◆ **WHAT IS BEING ASKED**
Set the pictures aside and write down, exactly as they appear, the lines from the one containing "Fun bridal party" through the end of the material.

◆ **INPUT DATA**
┄┄┄┄┄┄┄┄┄┄┄┄┄┄┄┄┄┄┄┄

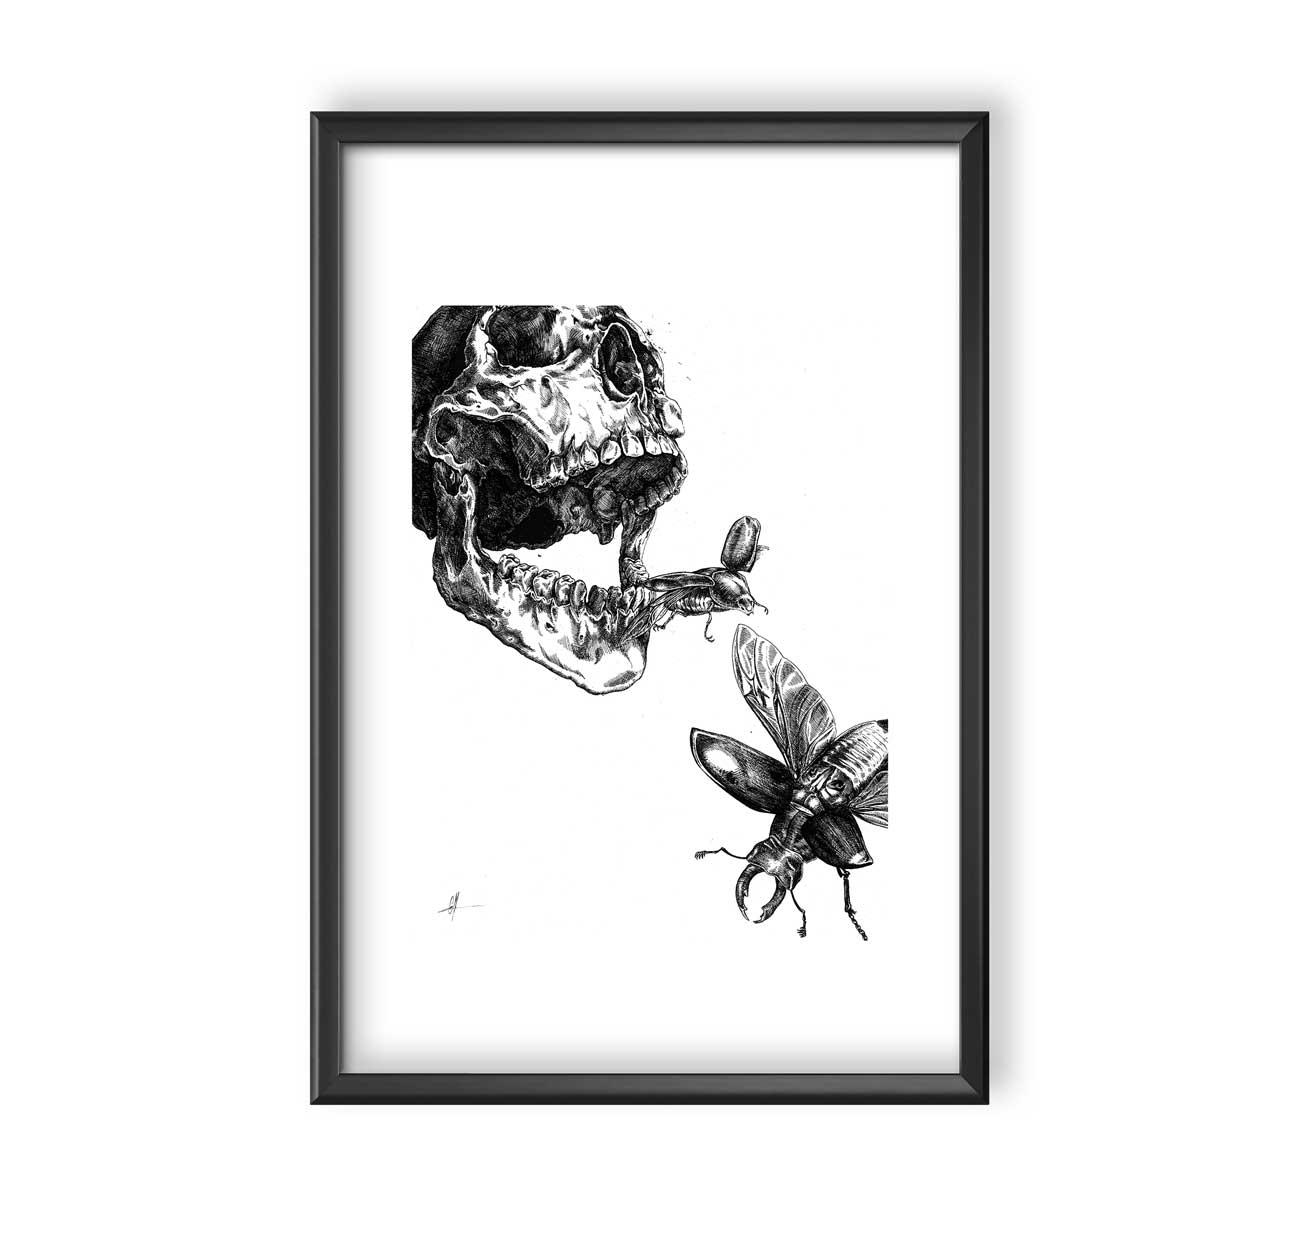 Entomophage-Camille-Murgue
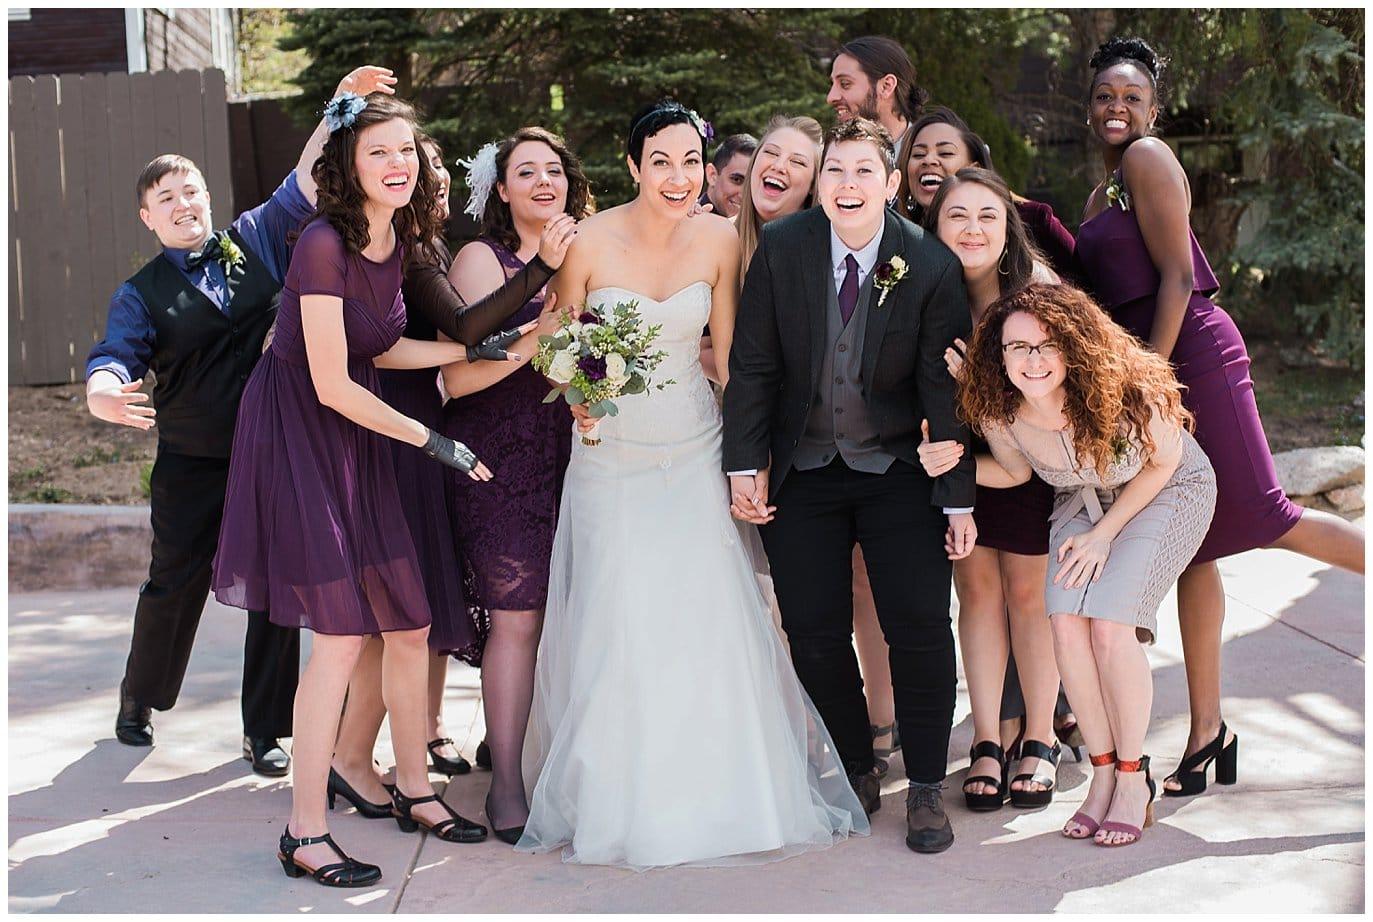 Fun bridal party at LGBT colorado wedding photo
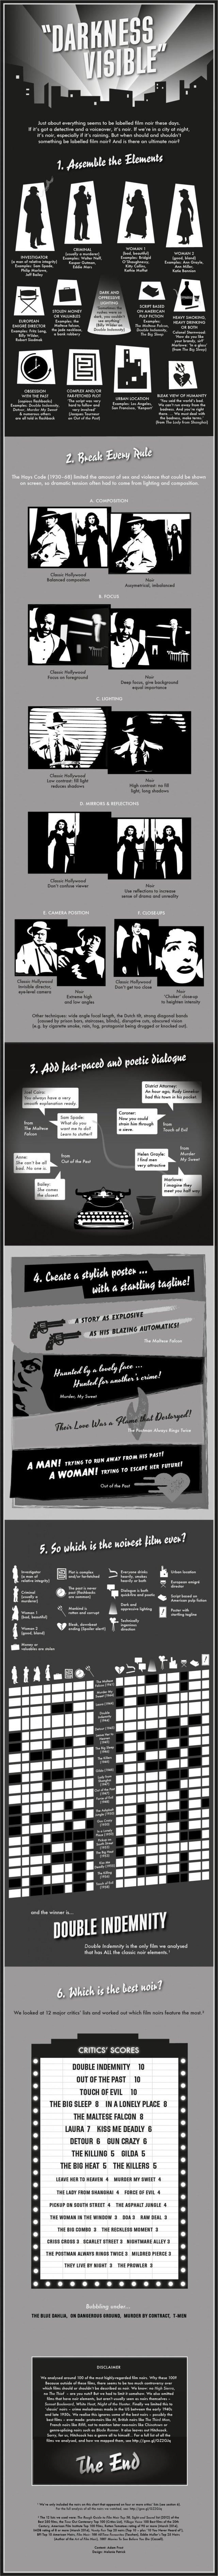 film-noir-infographic-001

┄┄┄┄┄┄┄┄┄┄┄┄┄┄┄┄┄┄┄┄

◆ **COMPLETED TASK**
 Fun bridal party at LGBT colorado wedding photo
 film-noir-infographic-001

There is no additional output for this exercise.